The historical approach to loading application properties required unclear coupling between the framework and bootstrap modules, leading to confusing errors that did not appear during the standard build process. With a decoupled loading process, the bootstrap and framework modules now have a clearer separation of responsibilities. Refactoring code that has evolved over almost a decade presented a number of challenges. The release of a new major version provided the opportunity to bring a fresh approach to the NiFi bootstrap process. Revisiting and rebuilding application startup is neither glamorous nor trivial, but streamlined startup benefits current users, and also provides an example for applications with similar process management concerns.
Inception and Evolution
The bootstrap module originated under project issue NIFI-145 as a
strategy for configuring the arguments required to launch the application process. The bootstrap.conf configuration
file supports defining an extensible list of arguments, and the bootstrap process constructs the command to be executed.

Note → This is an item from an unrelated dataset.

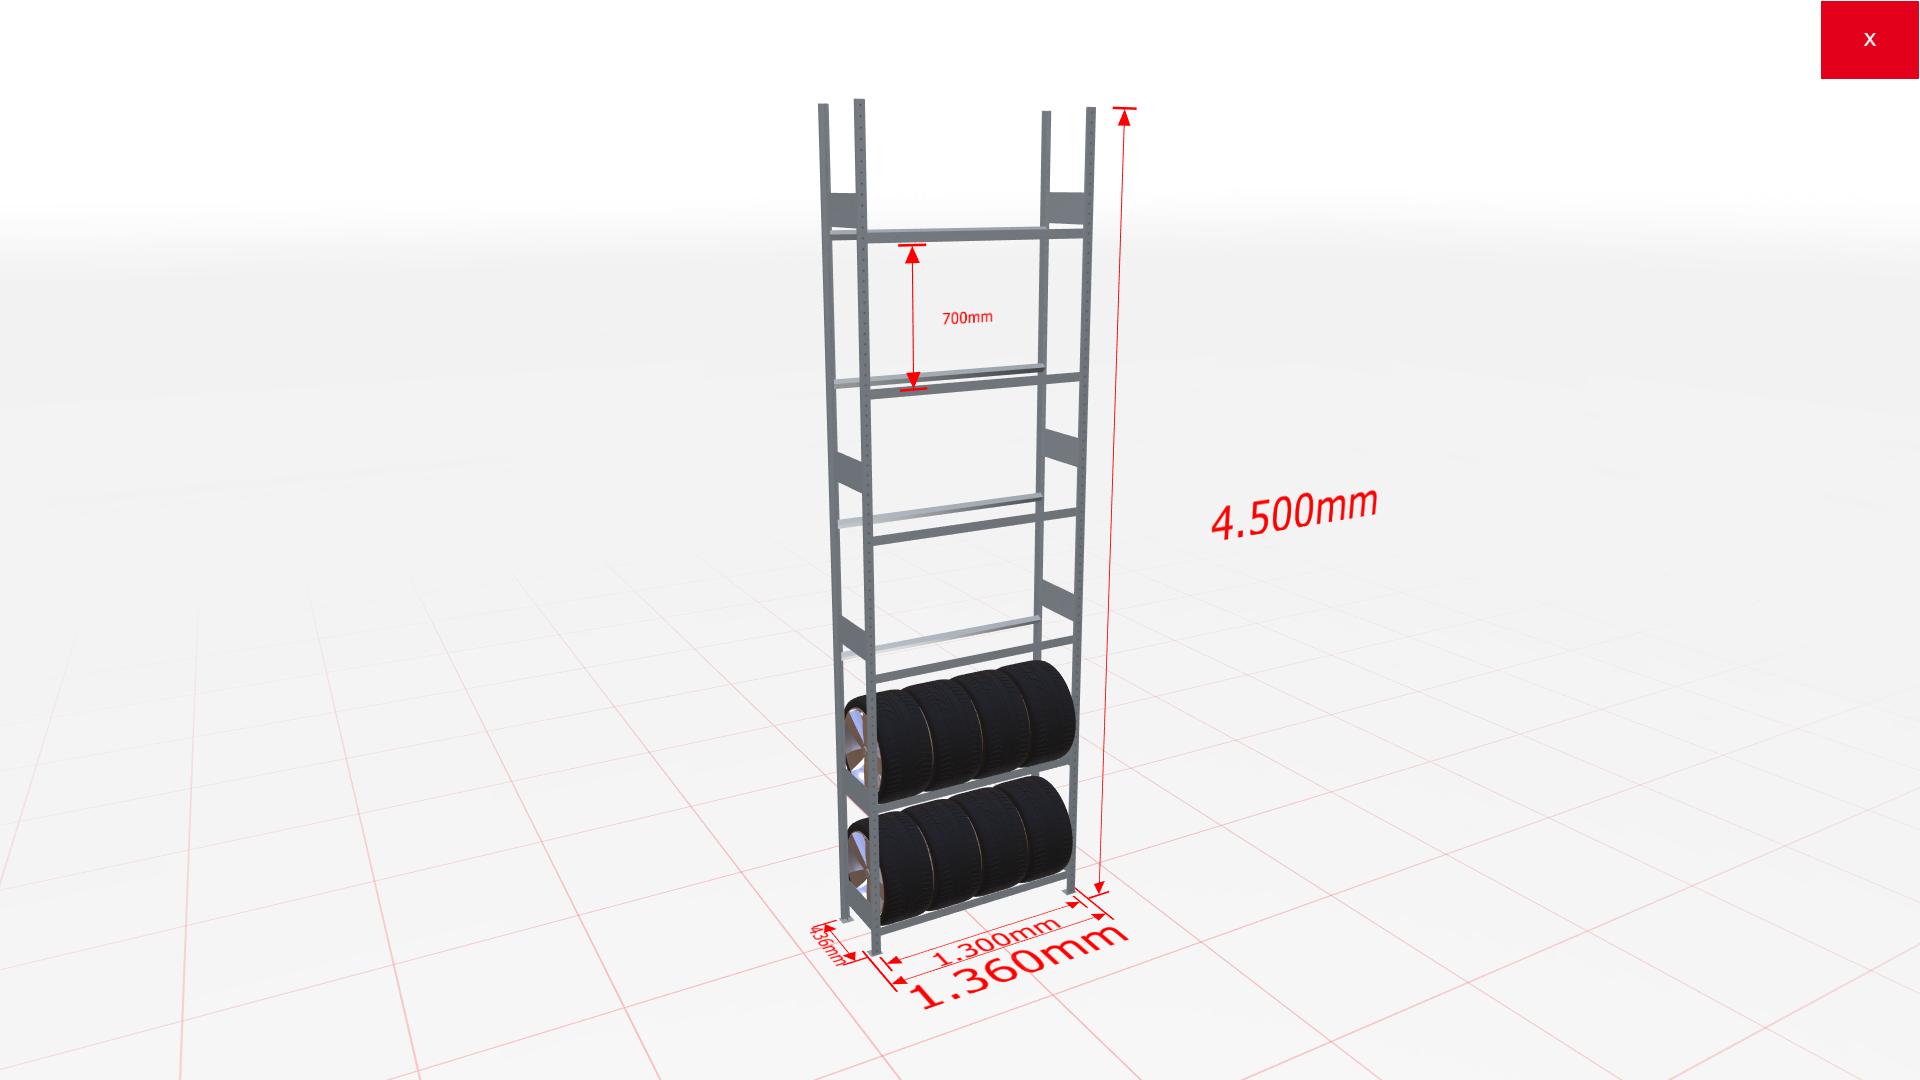 Räderregal Grundregal SCHULTE Lagertechnik 4500x1300x400 mm – 6 Ebenen á 1300 mm, verzinkt

The basic purpose and configuration structure for the bootstrap process remain the same in Apache NiFi 2.
Over the course of multiple releases, NiFi added support for new bootstrap features, including lifecycle notifications in version 0.3.0, providing methods for alerting when the application started or stopped. NiFi 1.0.0 introduced support for encrypted properties in configuration files, requiring significant changes to the startup process. Subsequent versions introduced application property loading from external services, which removed the need for a local encryption key, but required more complex configuration and a number of additional Java libraries.
Restructuring
Additional bootstrap features resulted in significant expansion of bundled dependencies, growing the size and scope of the standard NiFi distribution. Although these features experienced some adoption, the weight of maintaining numerous classes and libraries for optional features prompted their deprecation in final versions of NiFi 1, and subsequent removal from NiFi 2. NiFi 2 maintains support for encrypting or externalizing sensitive flow configuration properties, but protecting application properties is outside the scope of features as of NiFi 2.6.0. For process monitoring, NiFi 2 removed lifecycle notification handling, but introduced new status features accessible over HTTP.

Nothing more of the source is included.